Data excerpt: Begin

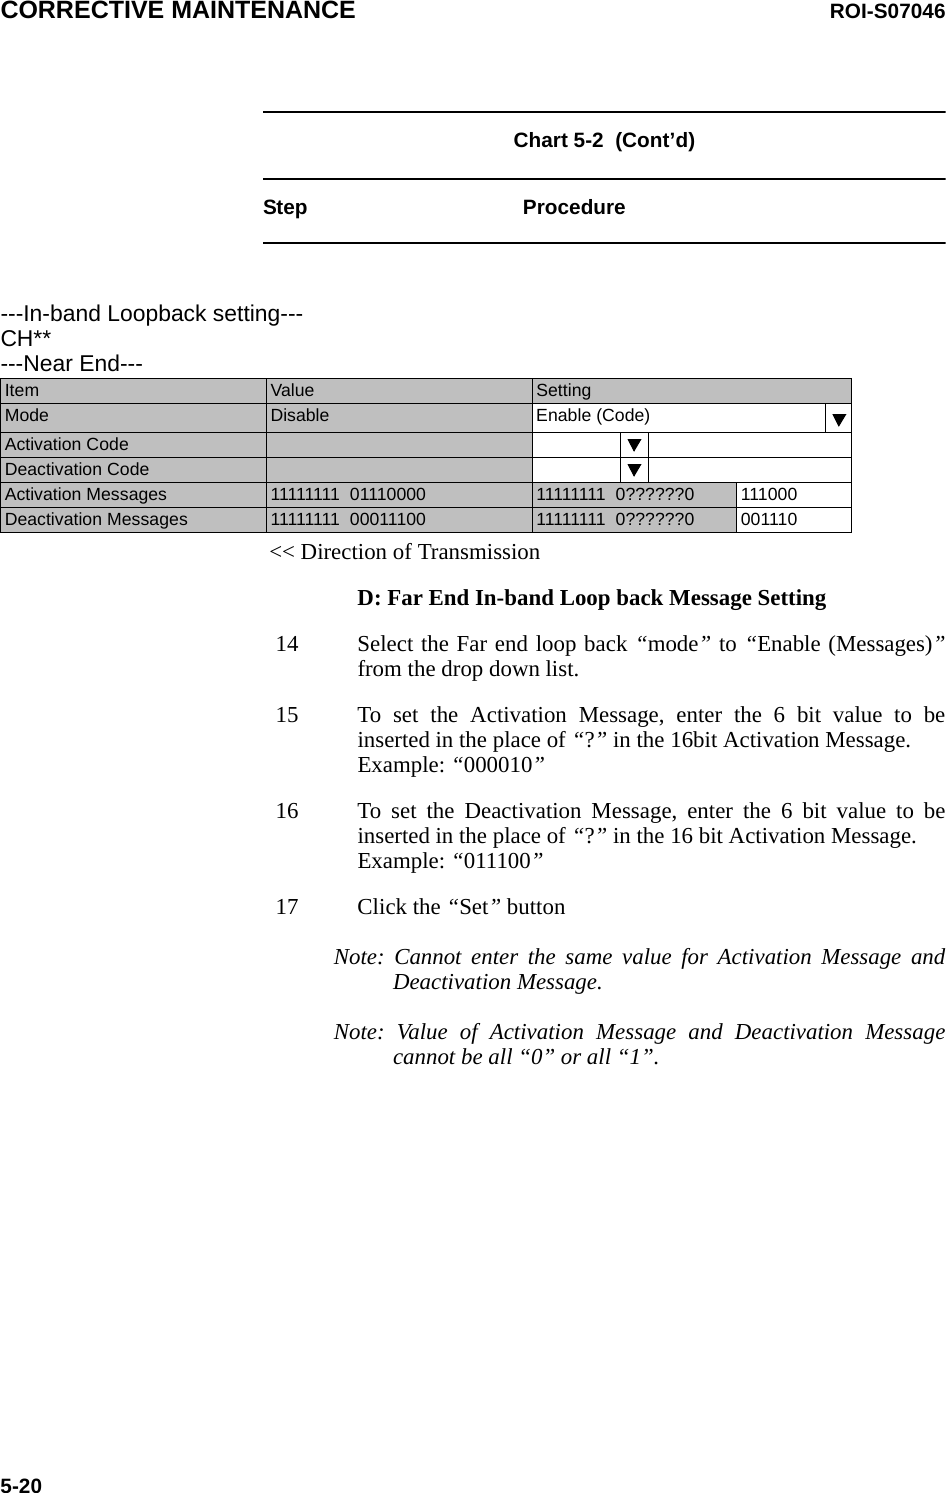 CORRECTIVE MAINTENANCE ROI-S070465-20Chart 5-2  (Cont’d)Step Procedure&lt;&lt; Direction of TransmissionD: Far End In-band Loop back Message Setting14 Select the Far end loop back “mode” to “Enable (Messages)”from the drop down list.15 To set the Activation Message, enter the 6 bit value to beinserted in the place of “?” in the 16bit Activation Message. Example: “000010”16 To set the Deactivation Message, enter the 6 bit value to beinserted in the place of “?” in the 16 bit Activation Message.Example: “011100”17 Click the “Set” buttonNote: Cannot enter the same value for Activation Message andDeactivation Message.Note: Value of Activation Message and Deactivation Messagecannot be all “0” or all “1”.---In-band Loopback setting---CH**---Near End---Item  Value  SettingMode Disable Enable (Code)Activation CodeDeactivation CodeActivation Messages 11111111  01110000 11111111  0??????0 111000Deactivation Messages 11111111  00011100 11111111  0??????0 001110
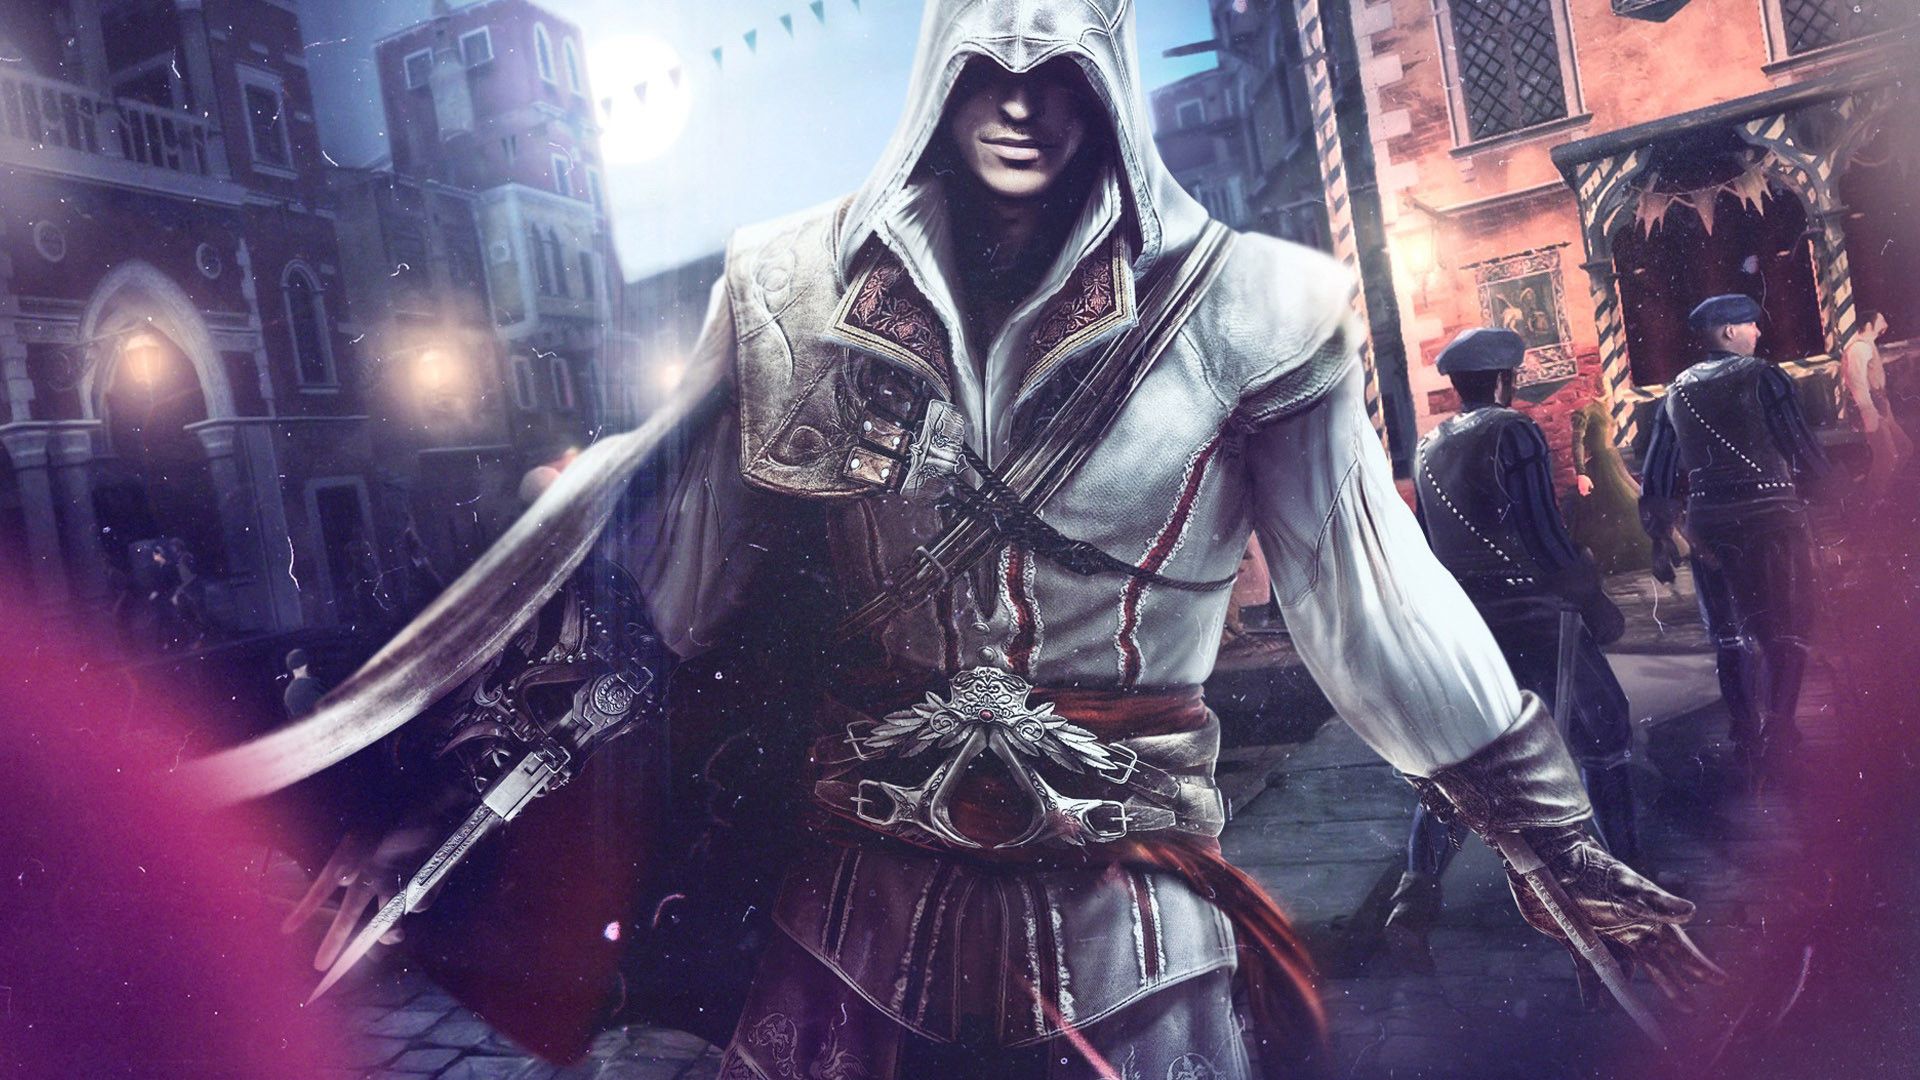 1920x1080 Assassin's Creed II Wallpapers (41 Wallpapers)
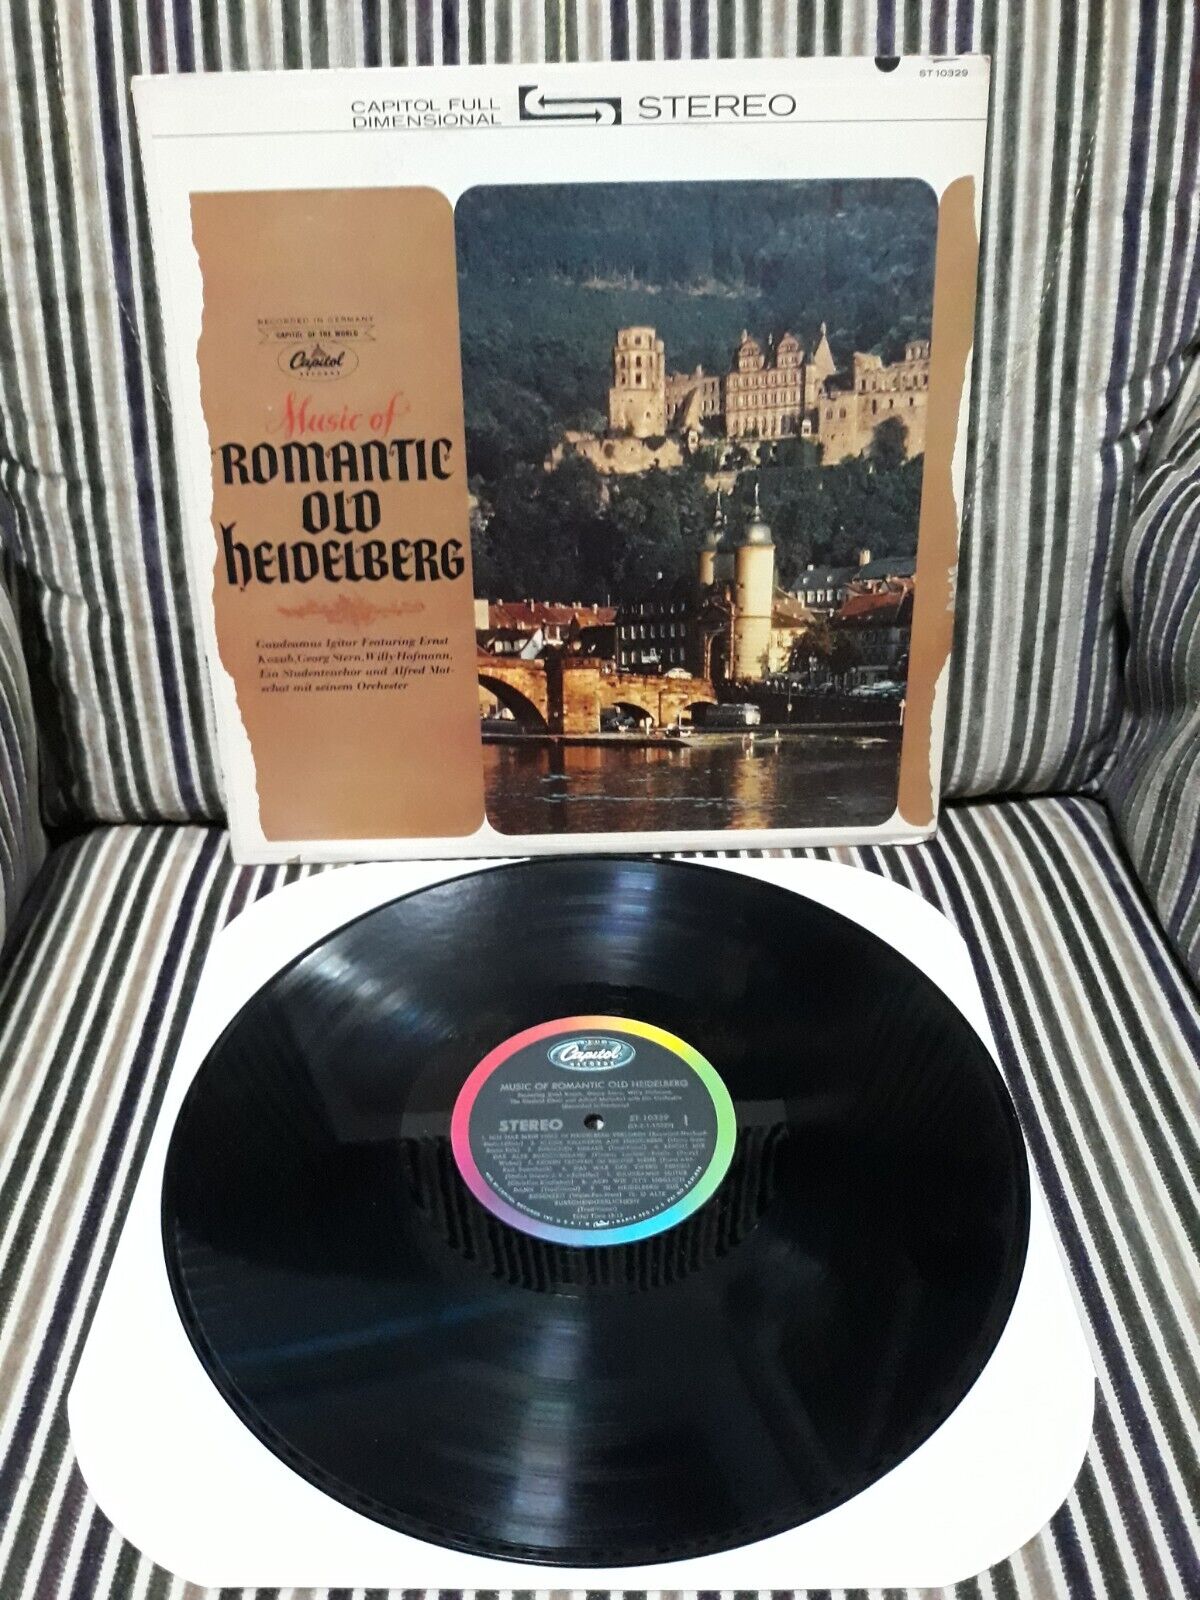 Music Of Romantic Old Heidelberg-Capitol Records-ST10329-Stereo-1980-NM

Data excerpt: End

Problem statement: Each line of the material goes into your copy unchanged, but no picture does.

The completed task:
 CORRECTIVE MAINTENANCE ROI-S070465-20Chart 5-2  (Cont’d)Step Procedure&lt;&lt; Direction of TransmissionD: Far End In-band Loop back Message Setting14 Select the Far end loop back “mode” to “Enable (Messages)”from the drop down list.15 To set the Activation Message, enter the 6 bit value to beinserted in the place of “?” in the 16bit Activation Message. Example: “000010”16 To set the Deactivation Message, enter the 6 bit value to beinserted in the place of “?” in the 16 bit Activation Message.Example: “011100”17 Click the “Set” buttonNote: Cannot enter the same value for Activation Message andDeactivation Message.Note: Value of Activation Message and Deactivation Messagecannot be all “0” or all “1”.---In-band Loopback setting---CH**---Near End---Item  Value  SettingMode Disable Enable (Code)Activation CodeDeactivation CodeActivation Messages 11111111  01110000 11111111  0??????0 111000Deactivation Messages 11111111  00011100 11111111  0??????0 001110
 1920x1080 Assassin's Creed II Wallpapers (41 Wallpapers)
 Music Of Romantic Old Heidelberg-Capitol Records-ST10329-Stereo-1980-NM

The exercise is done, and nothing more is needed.